#### Work to complete
Your task is to repeat each record verbatim, exactly as it was written.

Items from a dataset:
......
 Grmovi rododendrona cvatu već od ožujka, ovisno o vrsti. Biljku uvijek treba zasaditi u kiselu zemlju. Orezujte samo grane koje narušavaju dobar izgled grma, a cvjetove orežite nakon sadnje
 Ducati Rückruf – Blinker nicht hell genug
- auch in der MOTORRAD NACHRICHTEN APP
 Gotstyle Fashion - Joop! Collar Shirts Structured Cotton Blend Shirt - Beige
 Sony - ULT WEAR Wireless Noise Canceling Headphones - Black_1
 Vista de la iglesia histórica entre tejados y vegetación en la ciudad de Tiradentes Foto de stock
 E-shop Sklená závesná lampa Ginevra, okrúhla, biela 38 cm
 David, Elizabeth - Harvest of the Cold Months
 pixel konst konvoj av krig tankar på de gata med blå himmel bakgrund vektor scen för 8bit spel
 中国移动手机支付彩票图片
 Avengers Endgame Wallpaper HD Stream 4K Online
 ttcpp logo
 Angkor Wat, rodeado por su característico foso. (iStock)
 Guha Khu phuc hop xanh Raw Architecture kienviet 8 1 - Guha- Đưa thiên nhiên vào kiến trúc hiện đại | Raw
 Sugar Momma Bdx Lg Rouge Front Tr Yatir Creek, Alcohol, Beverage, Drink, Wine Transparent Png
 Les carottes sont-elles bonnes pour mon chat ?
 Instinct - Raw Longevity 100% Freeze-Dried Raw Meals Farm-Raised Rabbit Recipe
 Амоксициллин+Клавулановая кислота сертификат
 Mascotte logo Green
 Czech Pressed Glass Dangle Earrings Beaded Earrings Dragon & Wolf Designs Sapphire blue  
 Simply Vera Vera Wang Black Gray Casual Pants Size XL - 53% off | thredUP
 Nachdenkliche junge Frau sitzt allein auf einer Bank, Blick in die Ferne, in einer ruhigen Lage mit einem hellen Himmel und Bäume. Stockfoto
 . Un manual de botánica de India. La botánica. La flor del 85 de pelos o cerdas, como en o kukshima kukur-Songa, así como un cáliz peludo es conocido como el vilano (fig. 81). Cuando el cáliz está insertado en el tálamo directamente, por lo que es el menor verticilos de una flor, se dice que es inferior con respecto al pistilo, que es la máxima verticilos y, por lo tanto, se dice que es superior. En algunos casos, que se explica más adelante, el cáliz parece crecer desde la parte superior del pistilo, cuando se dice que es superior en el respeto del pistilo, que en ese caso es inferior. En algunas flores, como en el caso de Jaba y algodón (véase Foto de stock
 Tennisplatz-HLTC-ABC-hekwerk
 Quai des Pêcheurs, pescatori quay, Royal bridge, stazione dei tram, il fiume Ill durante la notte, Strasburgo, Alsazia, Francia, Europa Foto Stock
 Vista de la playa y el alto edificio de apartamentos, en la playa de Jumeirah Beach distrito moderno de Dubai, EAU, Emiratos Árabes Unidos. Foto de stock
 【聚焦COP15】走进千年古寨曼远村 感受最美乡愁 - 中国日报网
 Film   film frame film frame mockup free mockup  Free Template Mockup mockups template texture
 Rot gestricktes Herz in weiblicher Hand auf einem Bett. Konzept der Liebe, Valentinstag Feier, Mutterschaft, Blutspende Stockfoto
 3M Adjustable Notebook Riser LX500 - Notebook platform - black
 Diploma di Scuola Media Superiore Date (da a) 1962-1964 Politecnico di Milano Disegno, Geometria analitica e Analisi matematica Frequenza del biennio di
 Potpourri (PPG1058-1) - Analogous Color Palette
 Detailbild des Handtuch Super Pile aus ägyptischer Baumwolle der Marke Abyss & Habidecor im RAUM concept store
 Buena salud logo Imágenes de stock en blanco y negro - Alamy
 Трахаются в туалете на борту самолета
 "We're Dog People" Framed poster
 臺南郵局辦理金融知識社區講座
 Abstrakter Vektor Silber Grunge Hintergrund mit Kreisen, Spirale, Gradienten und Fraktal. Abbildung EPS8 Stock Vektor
......
#### Written reply
 Grmovi rododendrona cvatu već od ožujka, ovisno o vrsti. Biljku uvijek treba zasaditi u kiselu zemlju. Orezujte samo grane koje narušavaju dobar izgled grma, a cvjetove orežite nakon sadnje
 Ducati Rückruf – Blinker nicht hell genug
- auch in der MOTORRAD NACHRICHTEN APP
 Gotstyle Fashion - Joop! Collar Shirts Structured Cotton Blend Shirt - Beige
 Sony - ULT WEAR Wireless Noise Canceling Headphones - Black_1
 Vista de la iglesia histórica entre tejados y vegetación en la ciudad de Tiradentes Foto de stock
 E-shop Sklená závesná lampa Ginevra, okrúhla, biela 38 cm
 David, Elizabeth - Harvest of the Cold Months
 pixel konst konvoj av krig tankar på de gata med blå himmel bakgrund vektor scen för 8bit spel
 中国移动手机支付彩票图片
 Avengers Endgame Wallpaper HD Stream 4K Online
 ttcpp logo
 Angkor Wat, rodeado por su característico foso. (iStock)
 Guha Khu phuc hop xanh Raw Architecture kienviet 8 1 - Guha- Đưa thiên nhiên vào kiến trúc hiện đại | Raw
 Sugar Momma Bdx Lg Rouge Front Tr Yatir Creek, Alcohol, Beverage, Drink, Wine Transparent Png
 Les carottes sont-elles bonnes pour mon chat ?
 Instinct - Raw Longevity 100% Freeze-Dried Raw Meals Farm-Raised Rabbit Recipe
 Амоксициллин+Клавулановая кислота сертификат
 Mascotte logo Green
 Czech Pressed Glass Dangle Earrings Beaded Earrings Dragon & Wolf Designs Sapphire blue  
 Simply Vera Vera Wang Black Gray Casual Pants Size XL - 53% off | thredUP
 Nachdenkliche junge Frau sitzt allein auf einer Bank, Blick in die Ferne, in einer ruhigen Lage mit einem hellen Himmel und Bäume. Stockfoto
 . Un manual de botánica de India. La botánica. La flor del 85 de pelos o cerdas, como en o kukshima kukur-Songa, así como un cáliz peludo es conocido como el vilano (fig. 81). Cuando el cáliz está insertado en el tálamo directamente, por lo que es el menor verticilos de una flor, se dice que es inferior con respecto al pistilo, que es la máxima verticilos y, por lo tanto, se dice que es superior. En algunos casos, que se explica más adelante, el cáliz parece crecer desde la parte superior del pistilo, cuando se dice que es superior en el respeto del pistilo, que en ese caso es inferior. En algunas flores, como en el caso de Jaba y algodón (véase Foto de stock
 Tennisplatz-HLTC-ABC-hekwerk
 Quai des Pêcheurs, pescatori quay, Royal bridge, stazione dei tram, il fiume Ill durante la notte, Strasburgo, Alsazia, Francia, Europa Foto Stock
 Vista de la playa y el alto edificio de apartamentos, en la playa de Jumeirah Beach distrito moderno de Dubai, EAU, Emiratos Árabes Unidos. Foto de stock
 【聚焦COP15】走进千年古寨曼远村 感受最美乡愁 - 中国日报网
 Film   film frame film frame mockup free mockup  Free Template Mockup mockups template texture
 Rot gestricktes Herz in weiblicher Hand auf einem Bett. Konzept der Liebe, Valentinstag Feier, Mutterschaft, Blutspende Stockfoto
 3M Adjustable Notebook Riser LX500 - Notebook platform - black
 Diploma di Scuola Media Superiore Date (da a) 1962-1964 Politecnico di Milano Disegno, Geometria analitica e Analisi matematica Frequenza del biennio di
 Potpourri (PPG1058-1) - Analogous Color Palette
 Detailbild des Handtuch Super Pile aus ägyptischer Baumwolle der Marke Abyss & Habidecor im RAUM concept store
 Buena salud logo Imágenes de stock en blanco y negro - Alamy
 Трахаются в туалете на борту самолета
 "We're Dog People" Framed poster
 臺南郵局辦理金融知識社區講座
 Abstrakter Vektor Silber Grunge Hintergrund mit Kreisen, Spirale, Gradienten und Fraktal. Abbildung EPS8 Stock Vektor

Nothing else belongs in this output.